Recording, at Last The one feature from my iPods that I have missed in my iPhone -- even needed from time to time -- is the ability the record audio. There are no less than six (!!) different audio recording applications available for iPhones. They vary quite a bit in price ($0, $.99, $.99, $4.99, $9.99, $9.99), but they all do the generally same thing, as best I can tell. The best of the bunch might be the $4.99 SpeakEasy Voice Recorder. But none of them can transfer their recordings to my computer, which is incredibly important to me. Given the power of the iPhone platform, I would also like the to record to an compressed format, rather than uncompressed (wav?) files. But even without those features, I am glad at least one of them exists. 

Let There Be... There are a few flashlight applications available, some free, some not. The all turn on the screen so that it can be used as a weak flashlight. myLite is one of the free ones, and it can also act as a strobe light and the user can change the color of the screen. 

Reading Without Network Access I grabbed two applications that would allow me to read online articles while on the subway. NYTimes is an application from the New York Times that grabs a whole bunch of articles from the day's paper, and stores them so they can be read later. I do not know exactly which articles it grabs, but it certainly includes the OpEd pages and at least the top stories in every other section. It has a an iPhone appropriate interface, and an ad appears under each article as your read it. I would have paid for this application, but it is free. 

A friend of mine told me weeks ago that NetNewsWire would save webpages to read offline, so I grabbed that one, too. I've not used a dedicated RSS reader in the past, but I've already been so impressed with this implementation on the iPhone that I am going to start use the full version for my MacBook Pro.

Fidgeting I needed something to play with while I listened to podcasts if I wasn't doing something else (e.g. walking, cooking, etc.). I decided to buy ($9.99) Cro-Mag Rally, a little racing game. It is as fun and as mindless as I wanted it to be. But critically, even if you turn off all of Cro-Mag's sounds, it stops whatever the iPod is playing. So I downloaded the free, and far inferior, Cube Runner.  It's graphics are slightly inferior to Tron, but the game is appropriately mindless. 

Other Applications I also grabbed a few other applications. Twitterific, Apple's Remote for iTunes, MLB's at Bat are the headliners.

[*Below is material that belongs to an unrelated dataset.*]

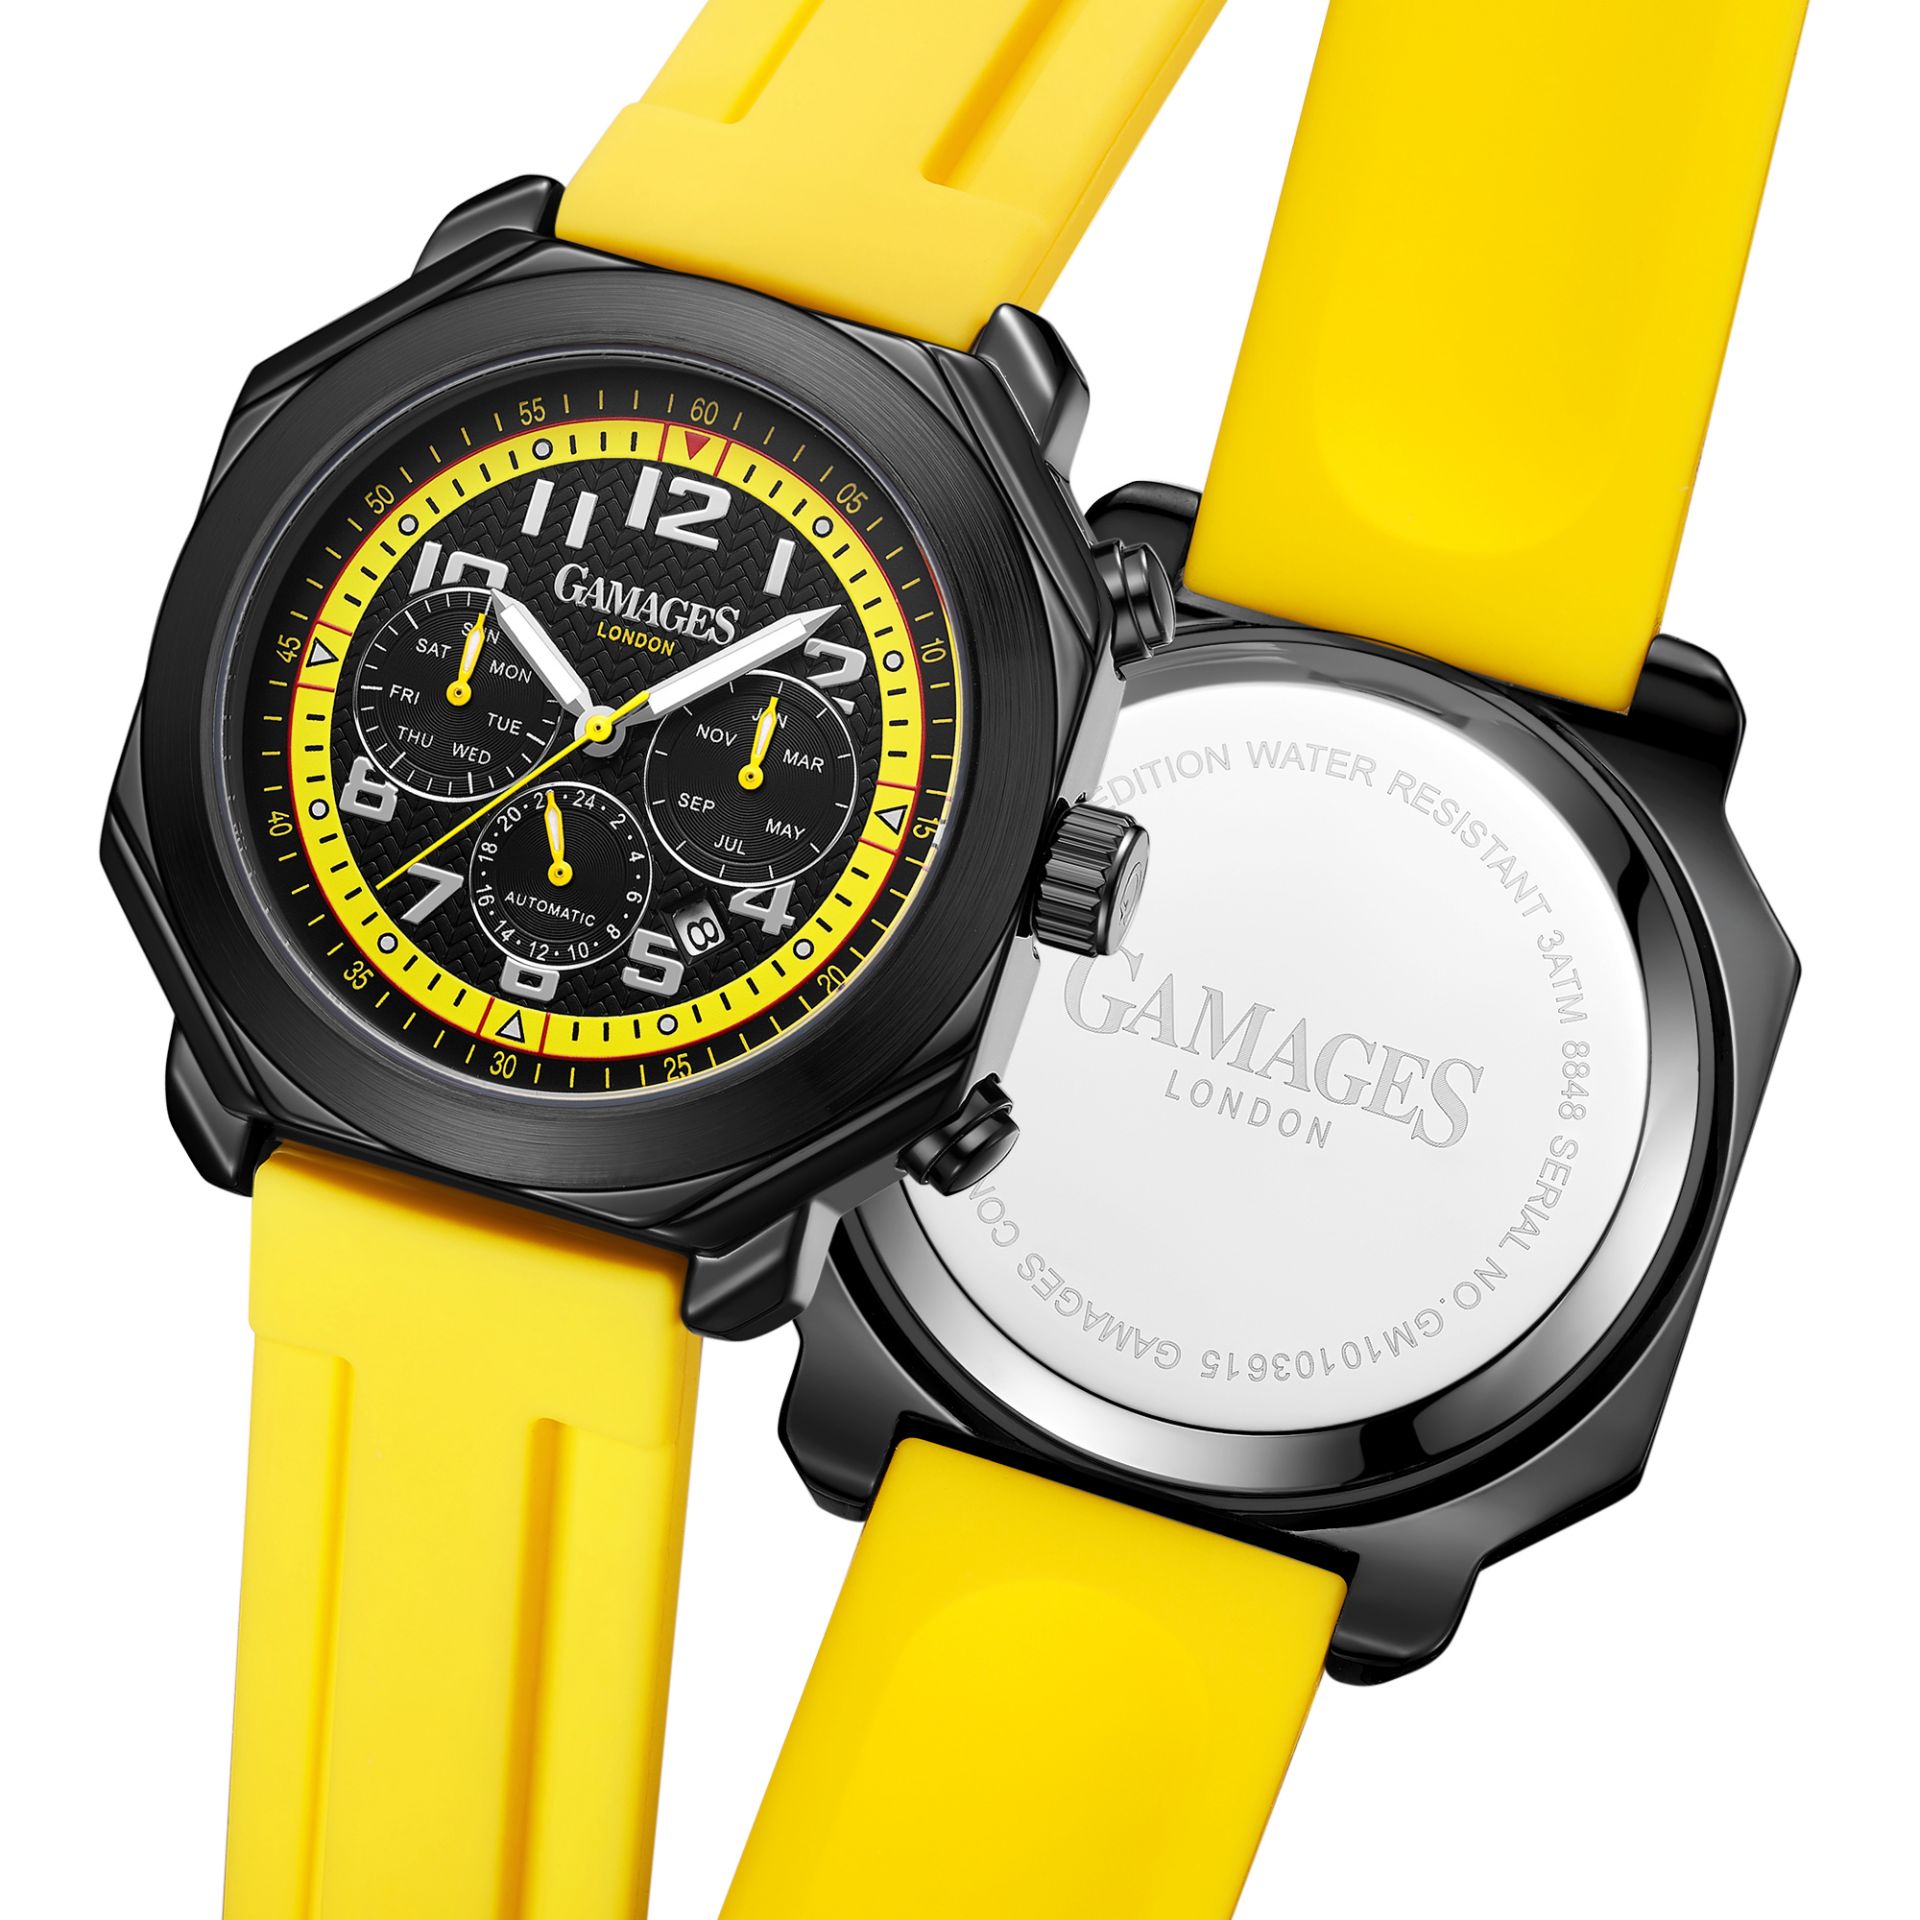 Ltd Edition Hand Assembled Gamages Contemporary Automatic Yellow Ð 5 Year Warranty & Free Delivery - Image 2 of 5

I am incredibly pleased with the new software because it makes these third party applications possible. Once again, the iPhone is unlike virtually all other technology products because it is meeting the expectations that its developer and the press have set. Cro-Mag is a great game. NYTimes, Twitterific, and NetNewsWire are great apps, without having to make any apologies for being run a phone. These are, as best I can tell, no compromise applications. The iPhone truly is a mobile computing platform. 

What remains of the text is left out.